RYour turn: read an xls sheet
# Try it: read the mtcars sheet, first 5 rows ex_cars <- # your code here ex_cars #> Expected: 5 rows, 11 columns

  
Click to reveal solution
RSolution
library(readxl) ex_cars <- read_xls(readxl_example("datasets.xls"), sheet = "mtcars", n_max = 5) dim(ex_cars) #> [1] 5 11

  

Explanation: sheet = "mtcars" selects the tab by name, and n_max = 5 caps the read at five data rows. The header row does not count toward n_max.

read_xls() is one reader in a family of import functions. These cover the formats you meet alongside legacy Excel files:

  • read_xlsx() reads modern .xlsx workbooks.
  • read_excel() auto-detects .xls or .xlsx and dispatches.
  • excel_sheets() lists sheet names before you read.
  • read_csv() reads comma-separated text files.
  • read_sav() from haven reads SPSS data files.

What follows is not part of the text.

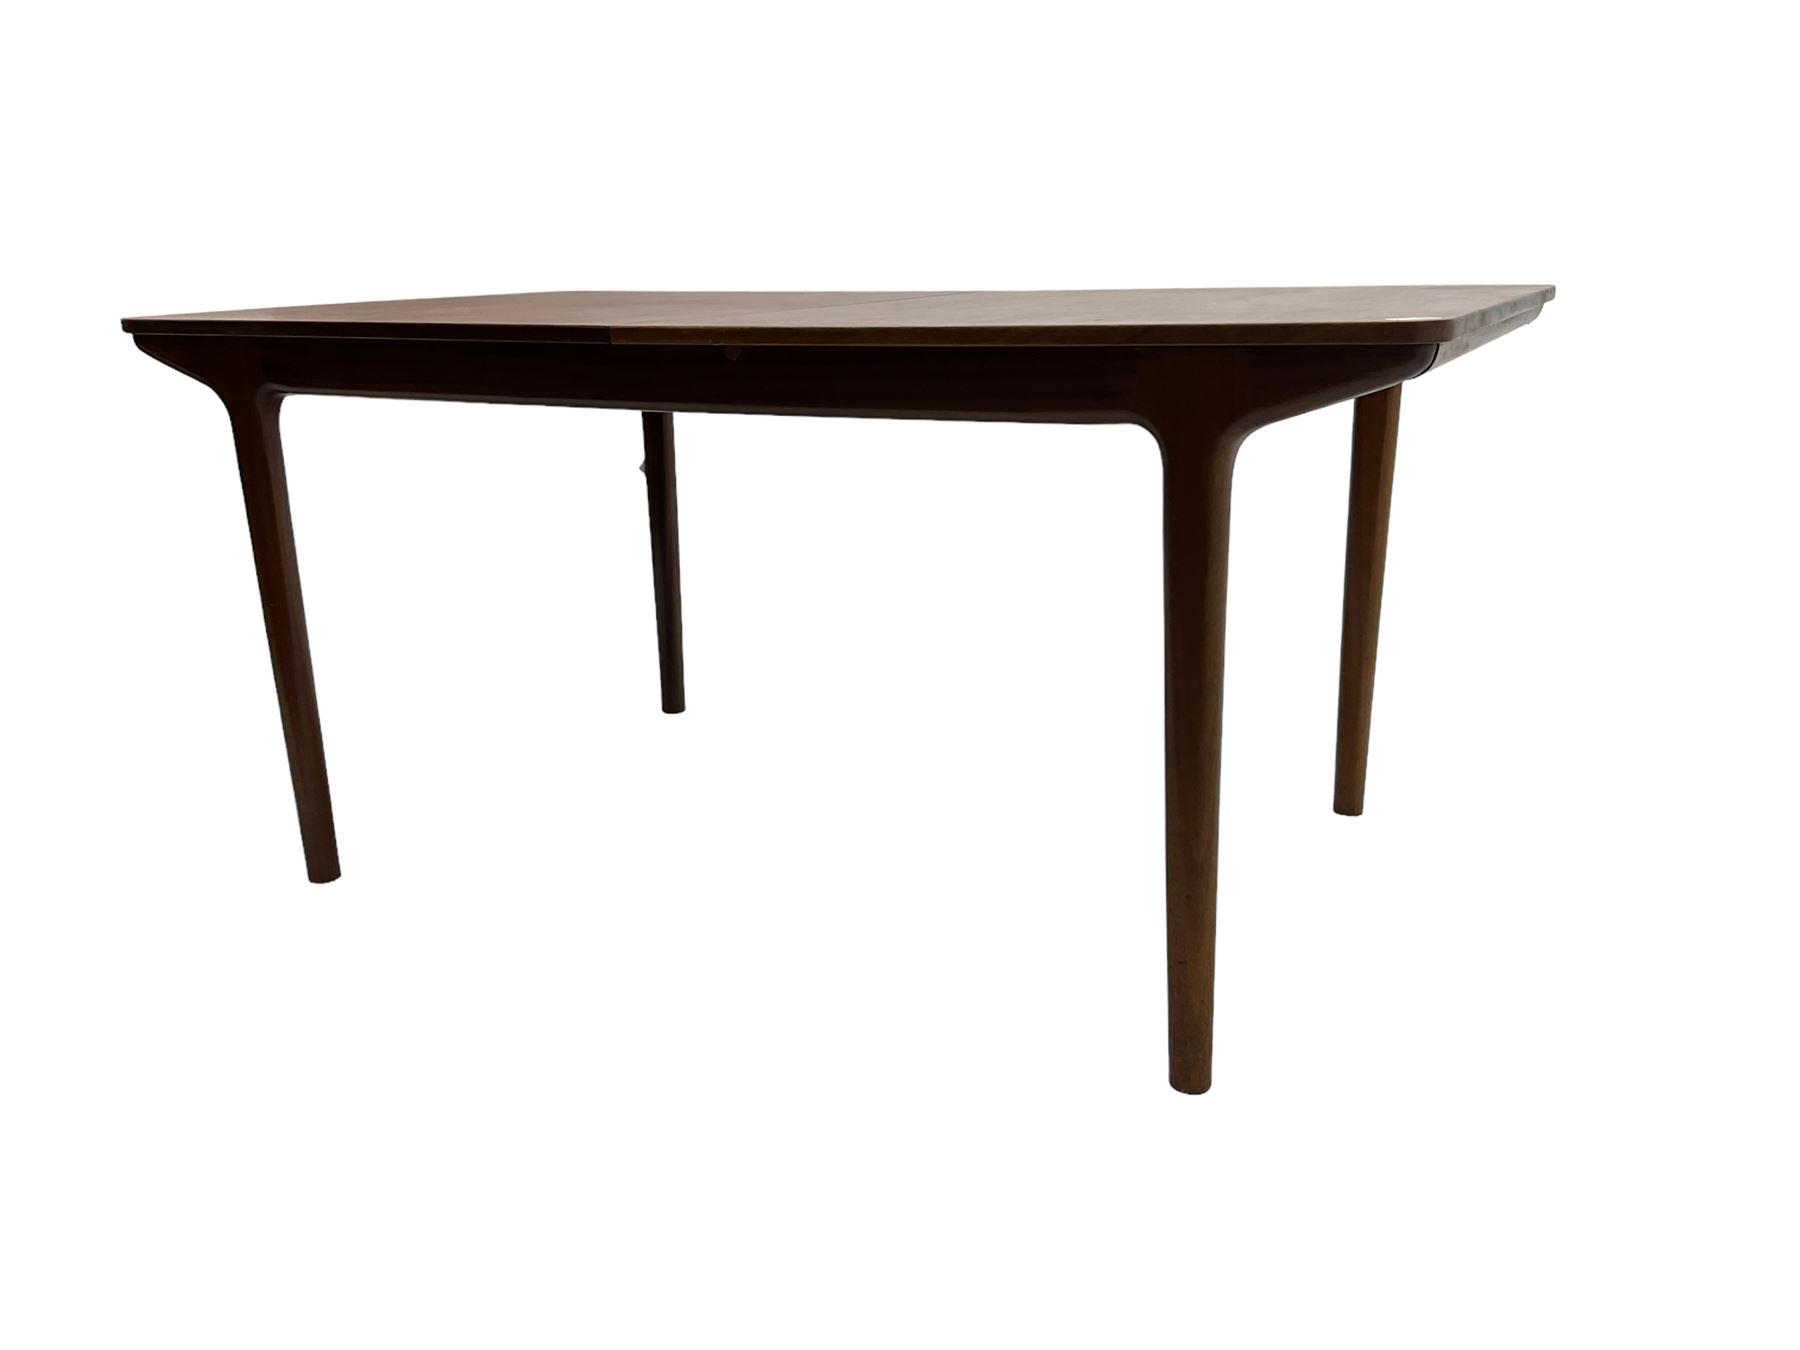 Tom Robertson for AH McIntosh & Co of Kirkaldy - mid-20th century teak extending dining table - Image 5 of 10

See the official readxl reference for the full argument list.

FAQ

What is the difference between read_xls() and read_excel()?

read_xls() reads only the legacy binary .xls format and errors on anything else. read_excel() inspects the file first, then calls read_xls() or read_xlsx() for you. Use read_excel() when a script must accept either format, and read_xls() when every file should be the old format so a wrong one fails loudly.

Can read_xls() read .xlsx files?

No. read_xls() uses the libxls engine, which only understands the pre-2007 binary format. Calling it on a .xlsx file raises a "not a valid binary" error. Use read_xlsx() for modern workbooks, or read_excel() if you want automatic detection of either format.

How do I read a specific sheet with read_xls()?

Pass the sheet argument either a name or a position. read_xls("data.xls", sheet = "Sales") reads the tab called Sales, and read_xls("data.xls", sheet = 2) reads the second tab. Call excel_sheets("data.xls") first to see every sheet name in the workbook.

Why does read_xls() return dates as numbers?

Excel stores dates as serial numbers counted from 1899 or 1904. When a column mixes dates with text, the type guesser may settle on numeric and leave the serials raw. Fix it by setting col_types = "date" for that column so read_xls() converts the serials to proper date-times.